What you should do> Below this line is a listing that includes pictures. Copy exactly, and only, the lines from the one containing "Roger Federer after" through the one containing "The Samuel Beckett Bridge in Dublin"; the pictures do not go in the copy.

Records for processing>
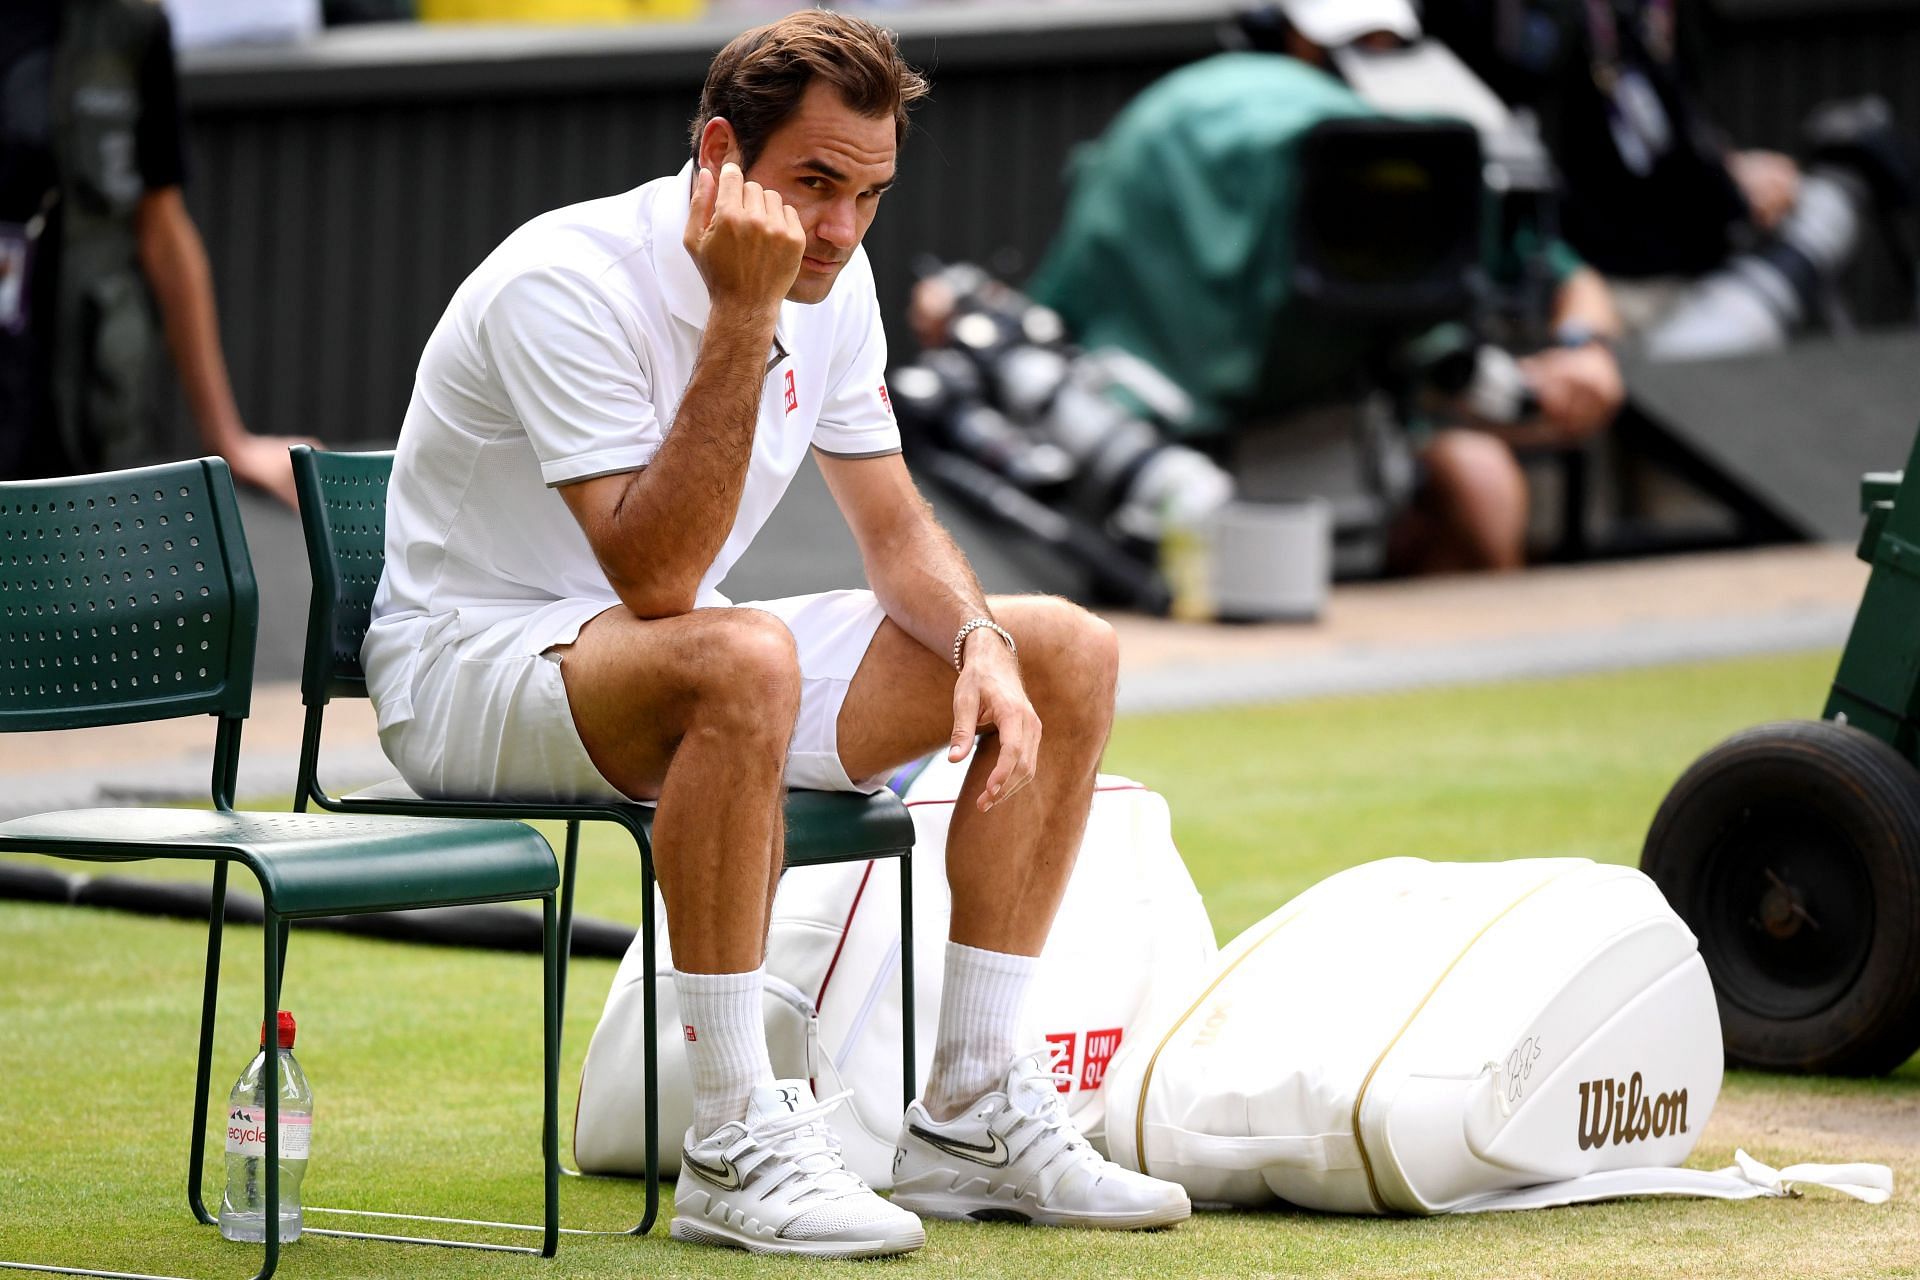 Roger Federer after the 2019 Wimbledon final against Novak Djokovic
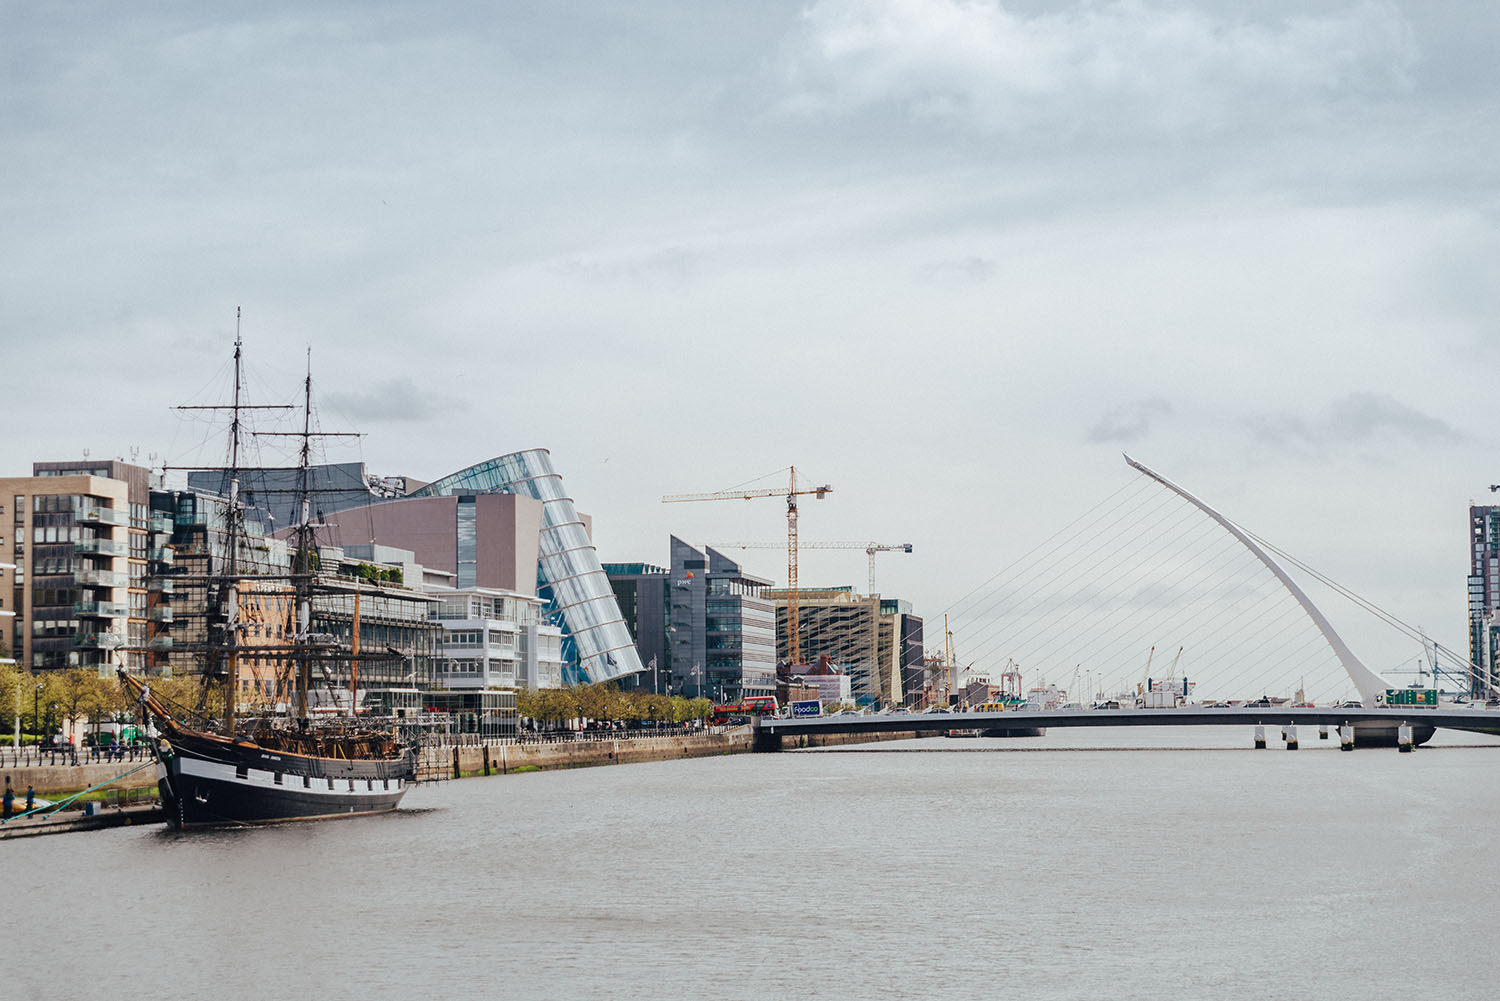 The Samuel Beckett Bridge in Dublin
--
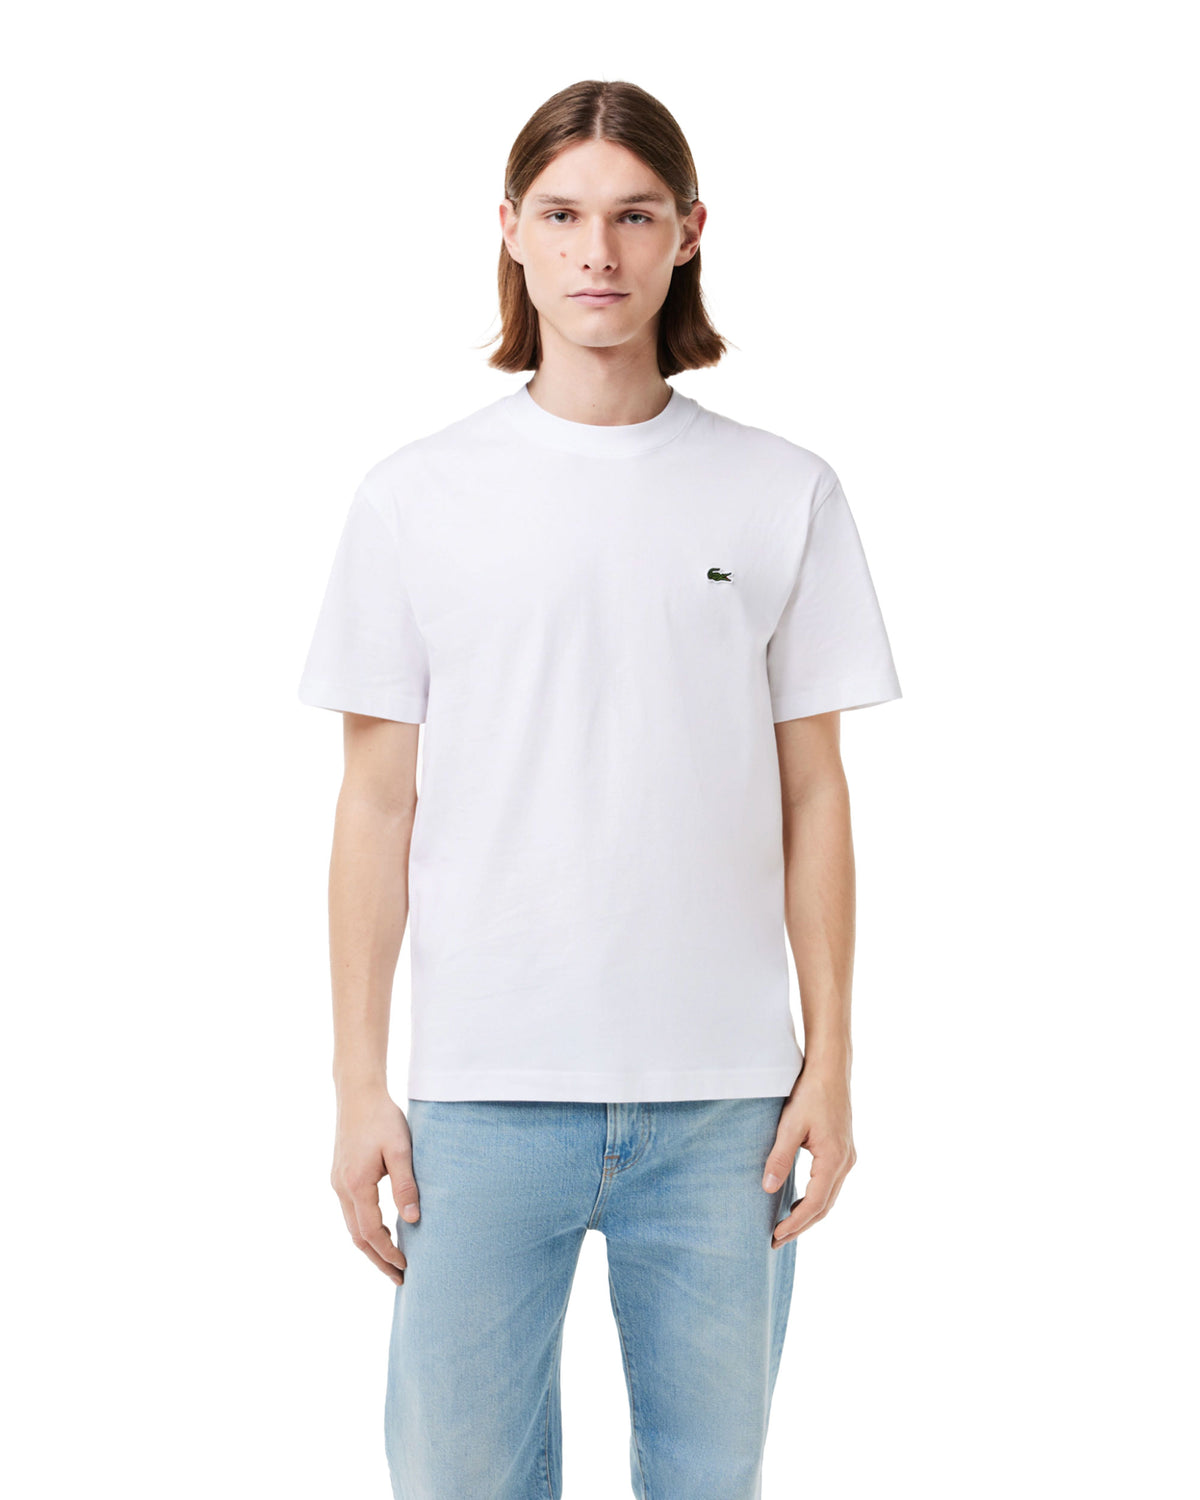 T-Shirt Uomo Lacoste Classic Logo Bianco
---
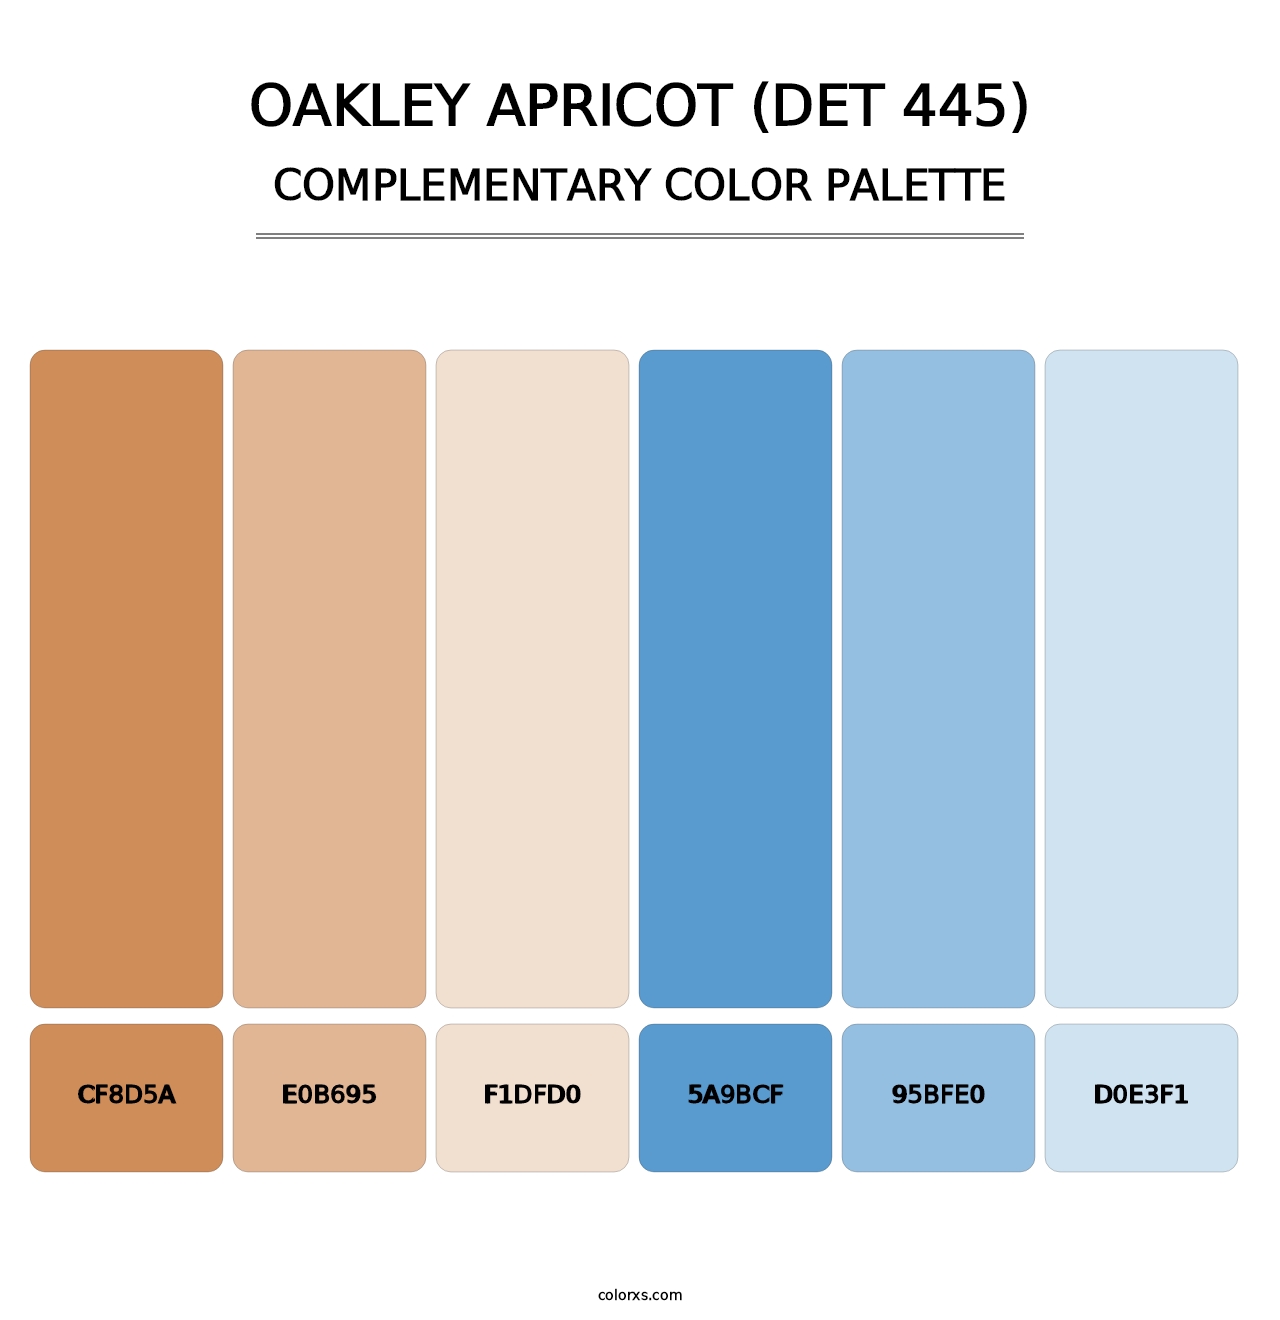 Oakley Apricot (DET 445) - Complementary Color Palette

Task solution>
 Roger Federer after the 2019 Wimbledon final against Novak Djokovic
 The Samuel Beckett Bridge in Dublin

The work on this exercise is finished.